Currently on my mind at the moment is the issue of listening to my children’s hearts: hearing their feelings, even when they are hard to hear or understand.
My middle son suddenly wants to give up Cubs. He has loved both Beavers and Cubs, he has counted down the days until the weekly pack night, he has talked about becoming a Scout and a Venture Scout. And now he wants to stop. He finds it too strict, he is afraid of getting something wrong. I want to solve this problem for him, speak to the leaders, reassure him that he is almost certainly one of the best behaved children there. I am also concerned that maybe something has happened to upset or scare him, but he maintains that it has not. In the past he has frequently changed his ‘out-of-school’ activity but usually the feeling of having had enough has come gradually, like the sky clouding over. This seems so sudden. Yesterday, he decided that he would like to go to the film making class his brother attends. I do not mind what activity he does, but I am sad at the sudden demise of his love affair with Cubs and I have a strong desire to try to fix it.

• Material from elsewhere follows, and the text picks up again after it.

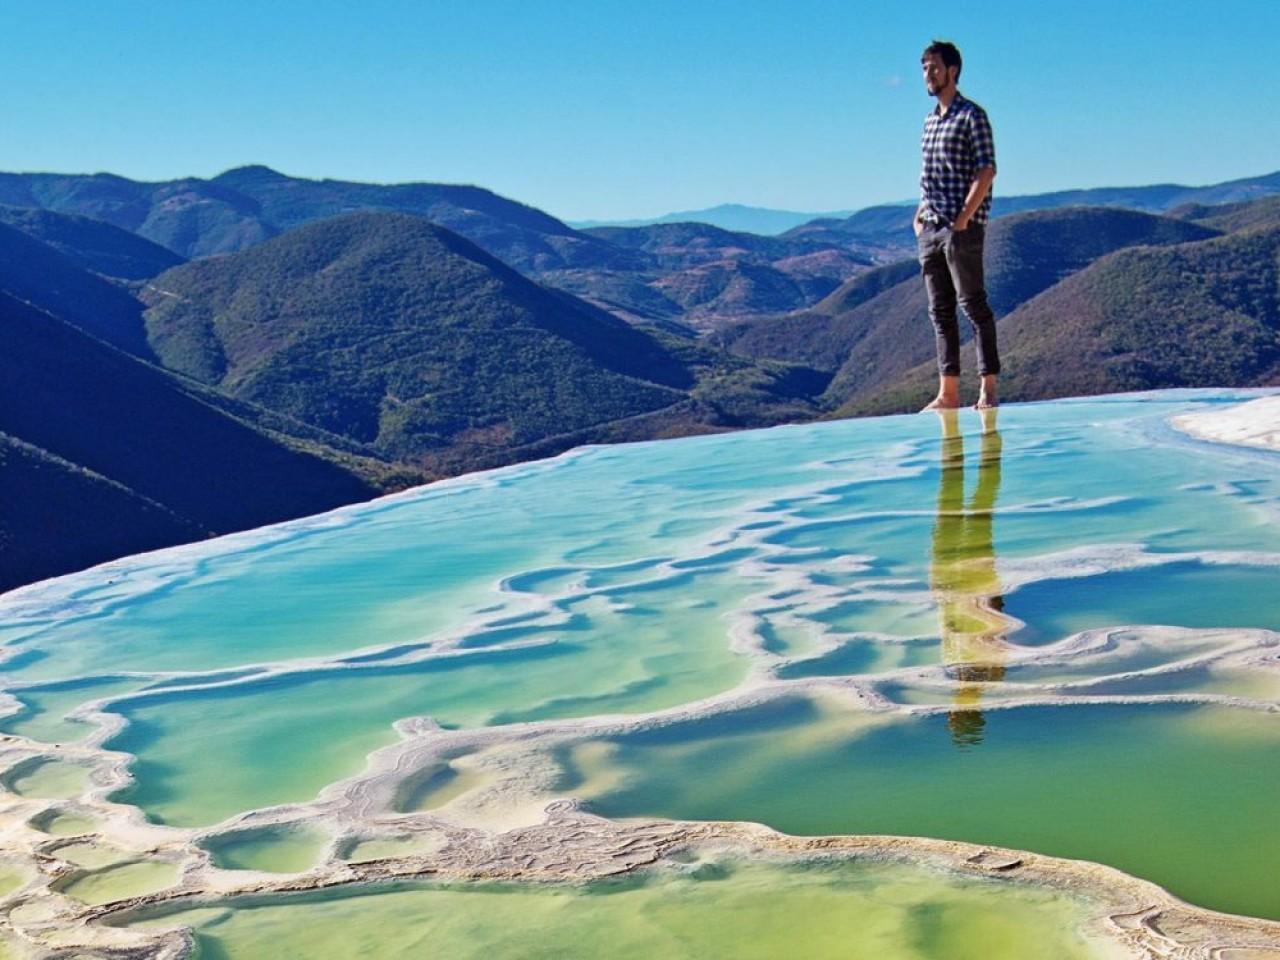 Mitla, Tule, Teotitlan, Hierve el Agua y Fabrica de Mezcal
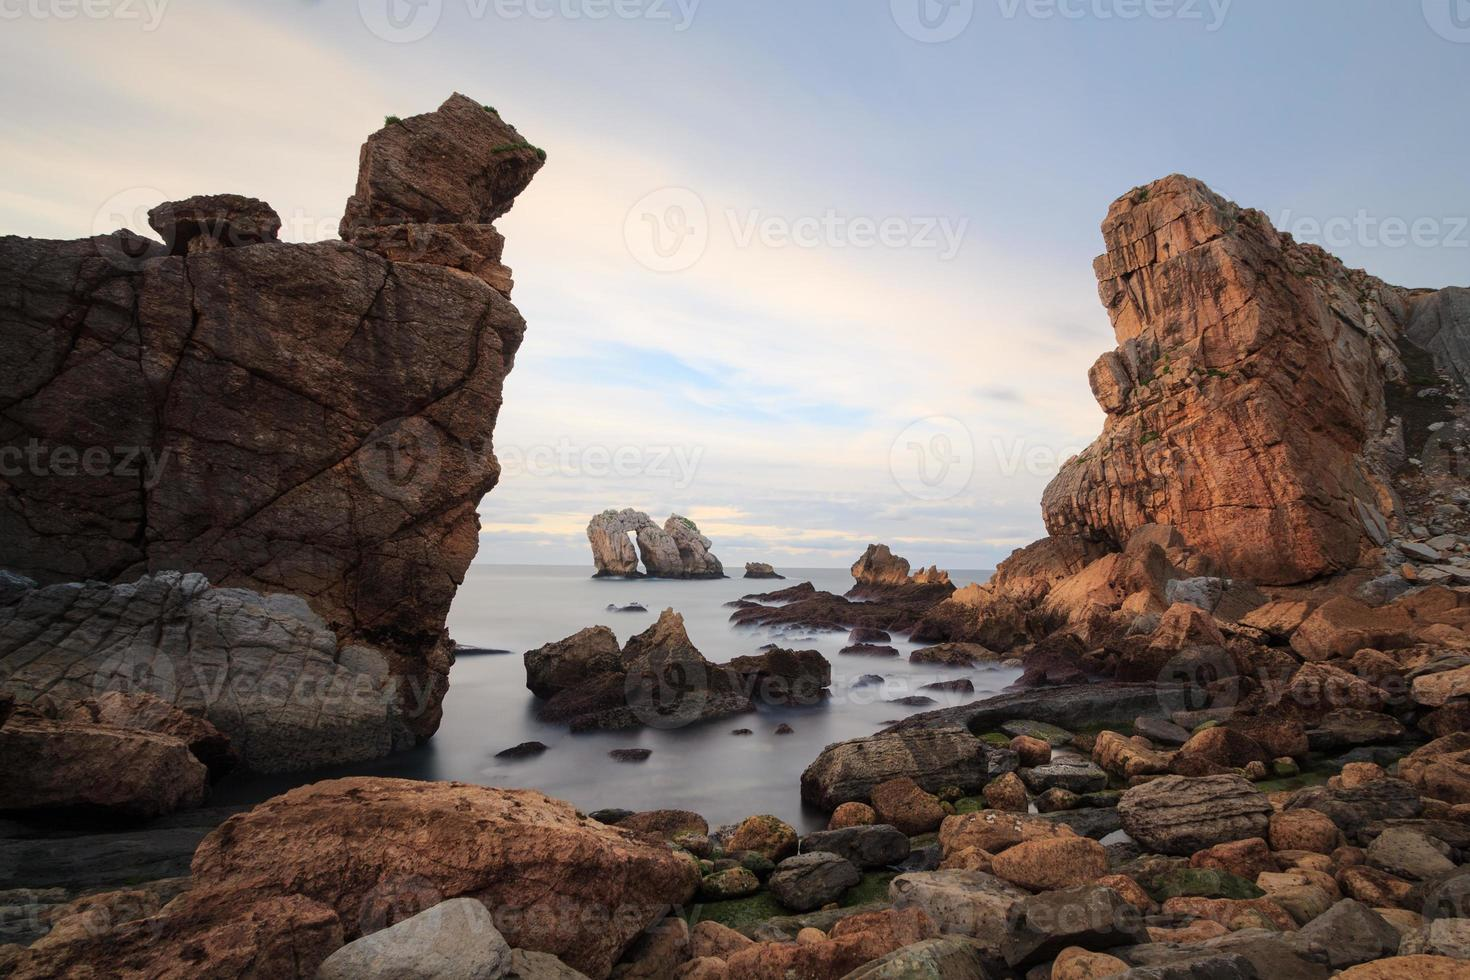 as costas rochosas do norte da Espanha, liencres foto

Yesterday, we went to a university space science department on a Home Ed trip. We listened for an hour and a quarter to two talks. The first was fairly well done, although a little slow, with a few movie clips of rockets taking off. The second, while delivered with evident passion for the subject, was way over my head, let alone my six-year-old’s. She, who had been bored from the beginning, became increasingly restless and my middle son began to wilt. I could see time slipping away and it wasn’t hard to calculate that there wouldn’t be time for both of the practical activities which we had been promised. I was frustrated at the lack of time management and audience awareness. I debated whether to raise my hand and ask if there would still be time for both activities, I wondered if I should ask if I could take my little one for a walk. But I sat tight and hissed at her to sit still, resulting in tears. I agonised about whose needs I was putting first and whether what she needed was for me to act on her behalf or to learn good manners. Eventually we made some fab rockets and the children were thrilled with the heights reached, but I couldn’t escape the feeling that we’d wasted a lot of time feeling bored with something so potentially exciting.
I am beginning to put together next year’s ‘plan’. Inspired by Julie, I set the children a free-write on what they would like to do in the coming term. Following Bravewriter principles, I gave feedback and they wrote again, two days later. The ideas they have were rich and varied but I am not sure how to make puppets or how to manage them doing separate activities and still ensuring that it’s constructive. What I want to do is to allow our time to flow, to let them lead the way, with just a sprinkle of Maths and English, yet I find it so hard to be without structure or schedule, a list, if only mental, that I can tick off. There is part of me that would feel so much safer if I had workbooks, a time-table, an attitude of ‘you’ve got to learn this’; if I could see what they’d learned: text-books completed, exercise books filled, tests achieved, even though experience tells me how hollow that is.
There are times when dictatorship feels like the easy option yet I am striving, uncertainly, to value relationship over control, to trust my children and their feelings, and to allow them the freedom to grow.